EXERCISE GOAL:
Could the data below be printed out exactly, with the pictures left out?

RECORDED DATA:
>>

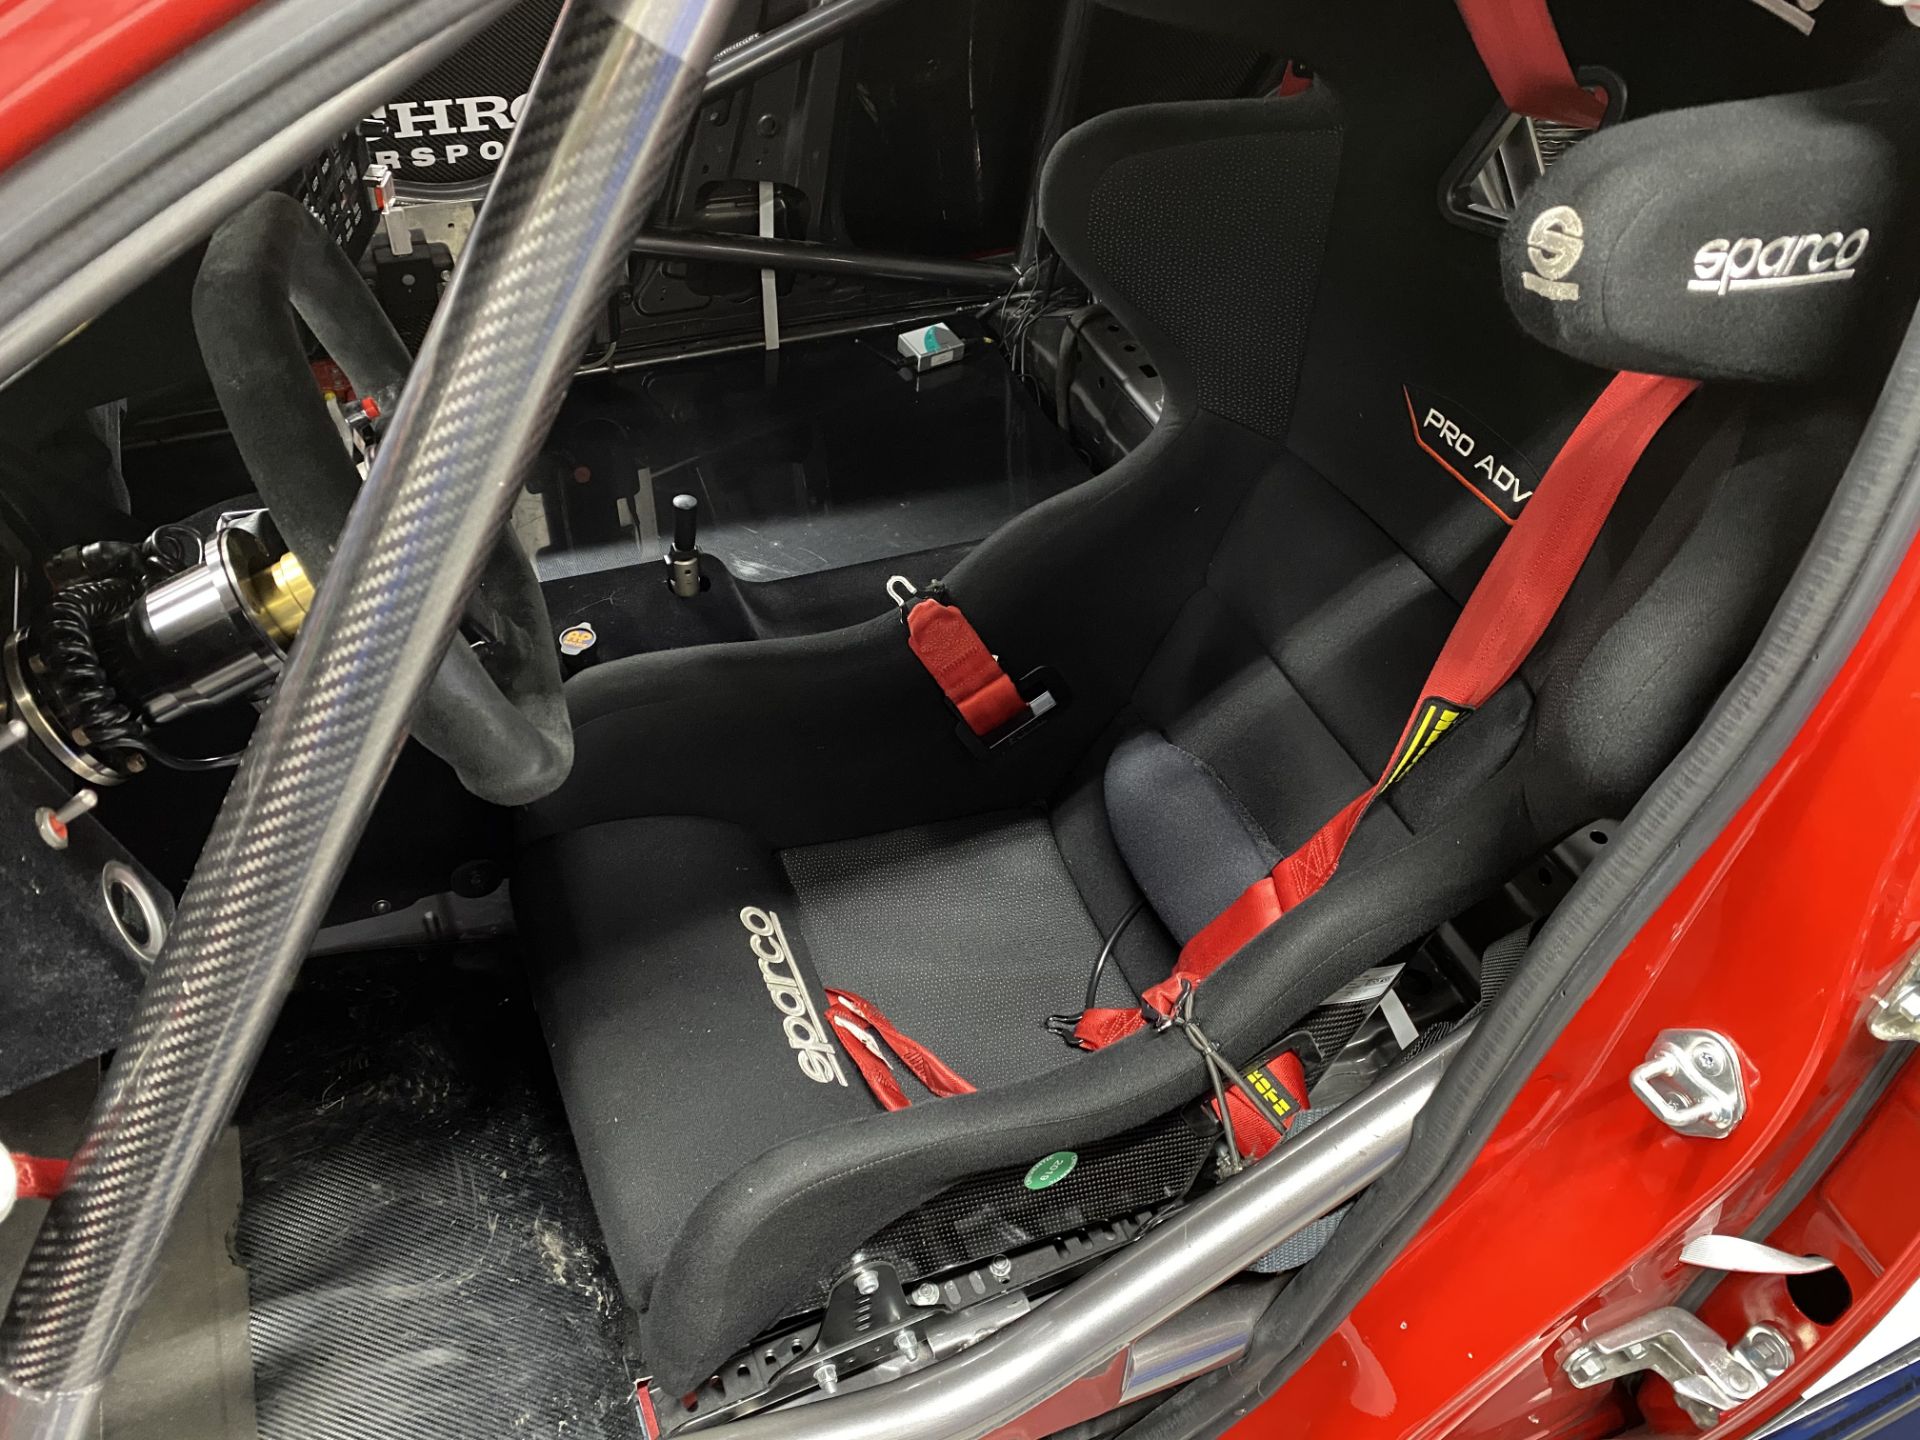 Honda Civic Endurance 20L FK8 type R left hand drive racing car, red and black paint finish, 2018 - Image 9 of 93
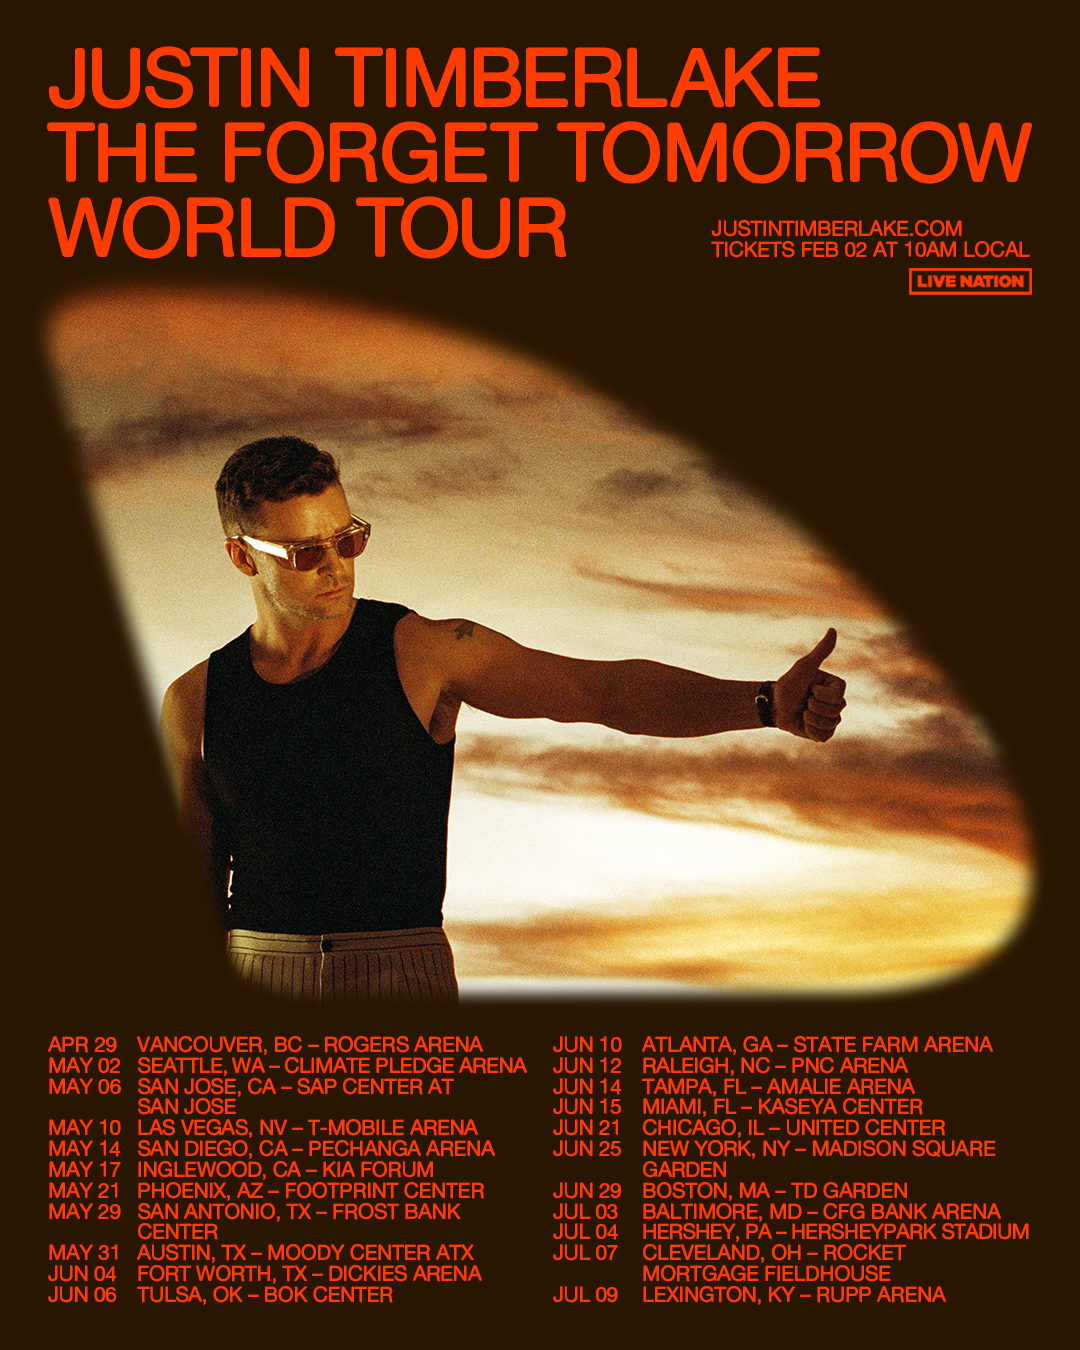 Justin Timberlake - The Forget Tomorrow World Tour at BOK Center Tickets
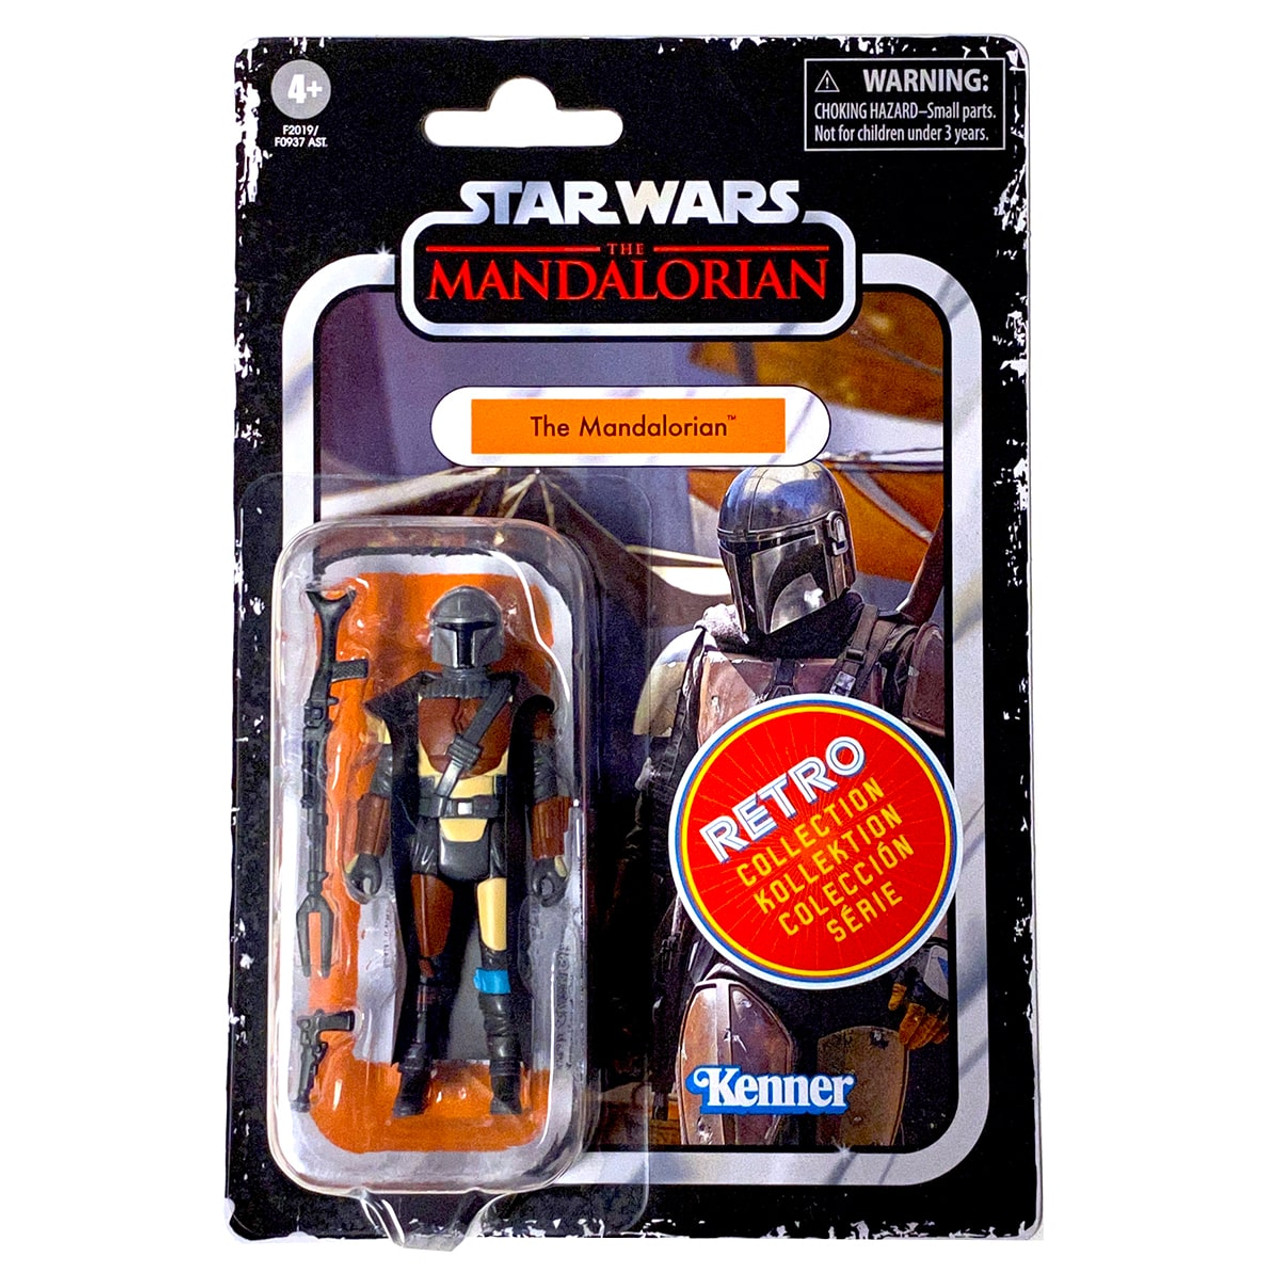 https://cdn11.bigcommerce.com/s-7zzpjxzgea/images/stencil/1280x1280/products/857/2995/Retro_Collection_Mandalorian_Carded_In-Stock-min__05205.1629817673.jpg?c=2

<<

RESPONSE TO THIS TASK:
 Honda Civic Endurance 20L FK8 type R left hand drive racing car, red and black paint finish, 2018 - Image 9 of 93
 Justin Timberlake - The Forget Tomorrow World Tour at BOK Center Tickets
 https://cdn11.bigcommerce.com/s-7zzpjxzgea/images/stencil/1280x1280/products/857/2995/Retro_Collection_Mandalorian_Carded_In-Stock-min__05205.1629817673.jpg?c=2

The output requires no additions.